On appeal from the Superior Court of New Jersey, Chancery Division, Family Part, Middlesex County, Docket No. FM-12-1118-05.

Per curiam.


Submitted June 2, 2010

Before Judges Messano and LeWinn.

Defendant Jason Spennato appeals from the July 24, 2009 order of the Family Part awarding plaintiff Tracey Spennato counsel fees in the amount of $6,710.14. We affirm, but remand for the purpose discussed below.

The parties were divorced by a final judgment entered on April 7, 2005. Since that time, they have been involved in ongoing post-judgment motions resulting in orders issued on June 22, 2007; July 2, 2008; February 16, 2009; May 5, 2009; May 28, 2009; and July 24, 2009, the order which is the subject of this appeal.

The fees in issue were generated by legal services rendered to plaintiff by John A. Patti between March 27 and September 8, 2008, as evidenced by his bills appended to plaintiff's motion. The order of July 2, 2008 does reflect that a "[r]eply . . . [was] filed by John A. Patti." That order is silent as to counsel fees.

Apparently in her motion that resulted in the order of February 16, 2009, plaintiff sought counsel fees for Patti's services in filing a reply to defendant's earlier cross-motion;*fn1 the February 16, 2009 order, however, does not address counsel fees.

On March 19, 2009, plaintiff filed a motion for reconsideration of the February 16, 2009 order, claiming the judge had overlooked her request for counsel fees in her motion leading to that order.
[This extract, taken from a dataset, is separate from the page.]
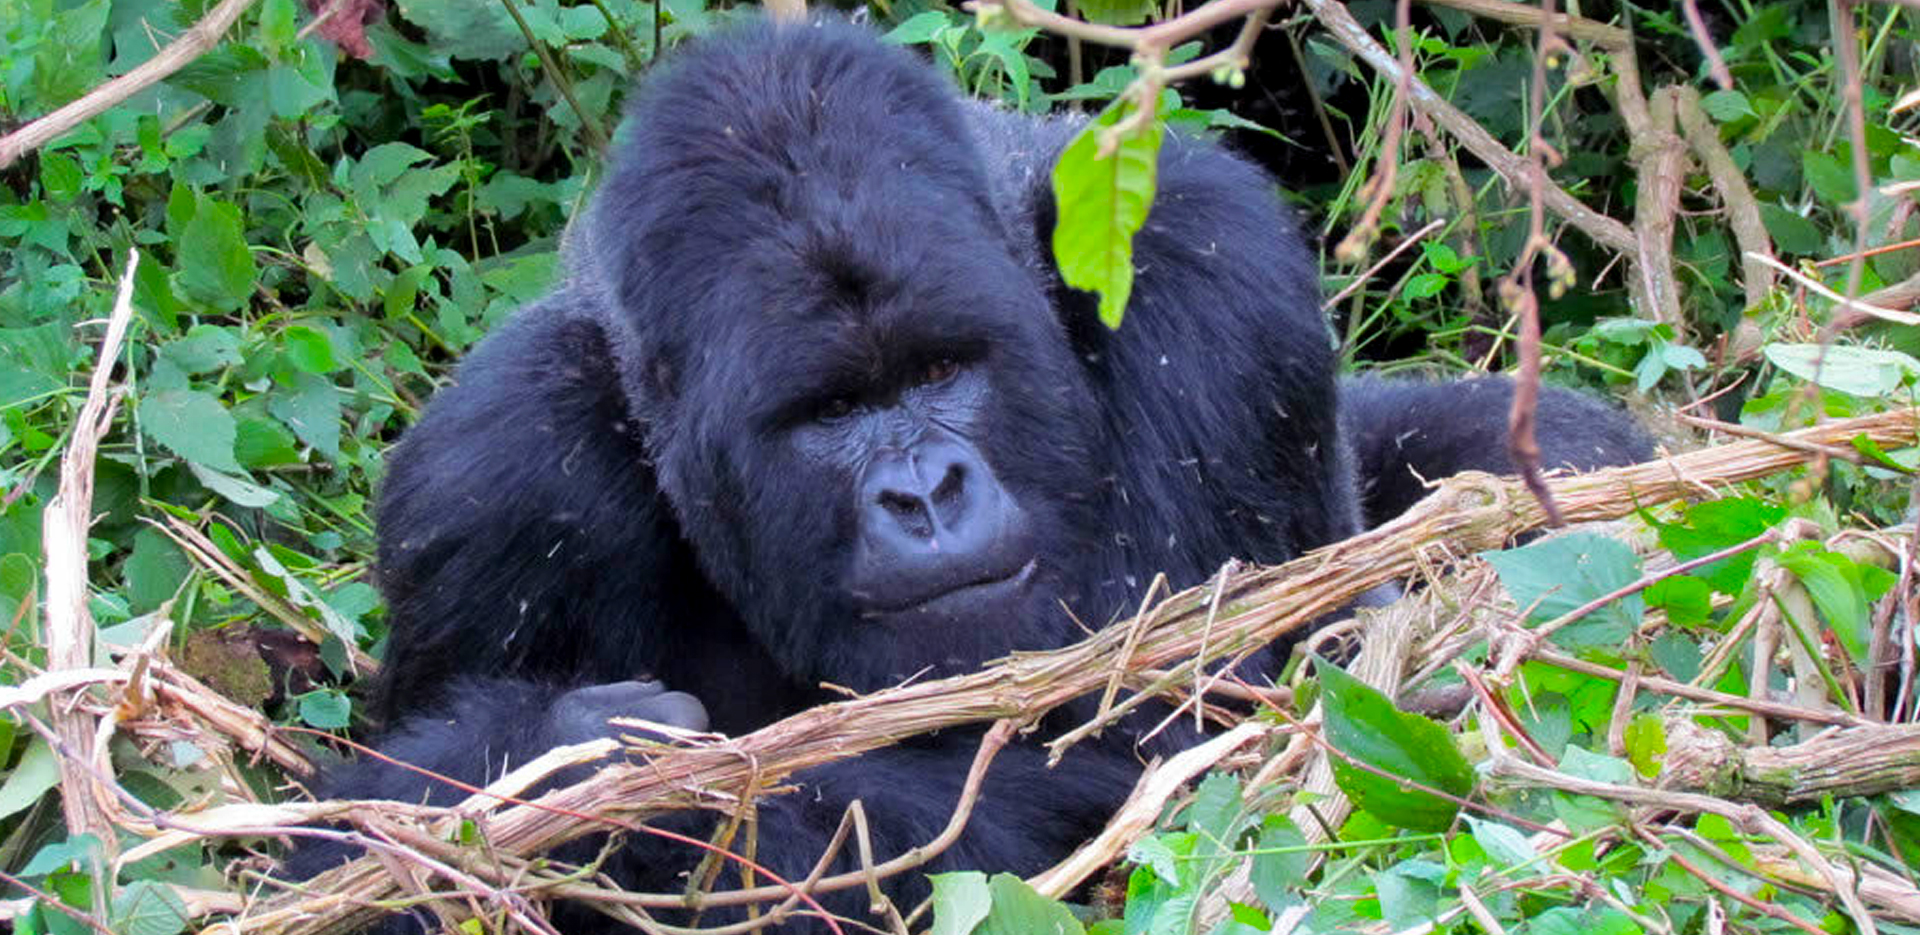 Wildlife Safaris in Uganda

Plaintiff stated that she had been compelled to seek legal counsel to respond to defendant's cross-motion filed in response to her motion seeking numerous forms of relief.
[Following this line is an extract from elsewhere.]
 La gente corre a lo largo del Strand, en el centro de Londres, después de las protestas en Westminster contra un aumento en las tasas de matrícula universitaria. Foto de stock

In granting plaintiff's motion for reconsideration and awarding counsel fees, the trial judge stated:

Plaintiff's [m]otion for [r]econsideration for the payment of [p]laintiff's counsel fees is GRANTED in the amount of $6,710.14. Paragraph 2[7] of the February 16, 2009 Order denies the [d]efendant's request for counsel fees for failing to comply with Judge Pincus' Order from February 20, 2009 [sic] and Judge Kieser's order of July 17, 2006 However, the [c]court inadvertently overlooked [p]laintiff's request for counsel fees in the February 16, 2009 Order. In granting [p]laintiff's request for counsel fees, the [c]court considered [d]efendant's repeated non-compliance with several provisions of the previous court orders issued by Judge Kieser and Judge Pincus. Due to [d]efendant's repeated non compliance [sic] with previous court orders, [p]laintiff has incurred these legal fees to enforce existing court orders. Given the comparable financial circumstances of the parties and the relatively small difference in [p]laintiff's income, the extent of the fees incurred and the fact that an even greater effort was made by [p]laintiff pro se, so as not to incur legal fees, the good faith of [p]laintiff and seeming lack thereof by [d]efendant, the [c]court believes an award of these legal fees is fair and equitable, . . . in accord with Rule 5:3-5(c). The [c]court has reviewed the hours and rates charged by counsel, and deems them fair and reasonable for the work required.

On appeal, defendant contends that the trial judge erred in granting counsel fees because (1) plaintiff had previously been denied counsel fees in the May 28, 2009 order, and (2) Patti had not filed an affidavit of service, as required by Rule 4:42-9(b).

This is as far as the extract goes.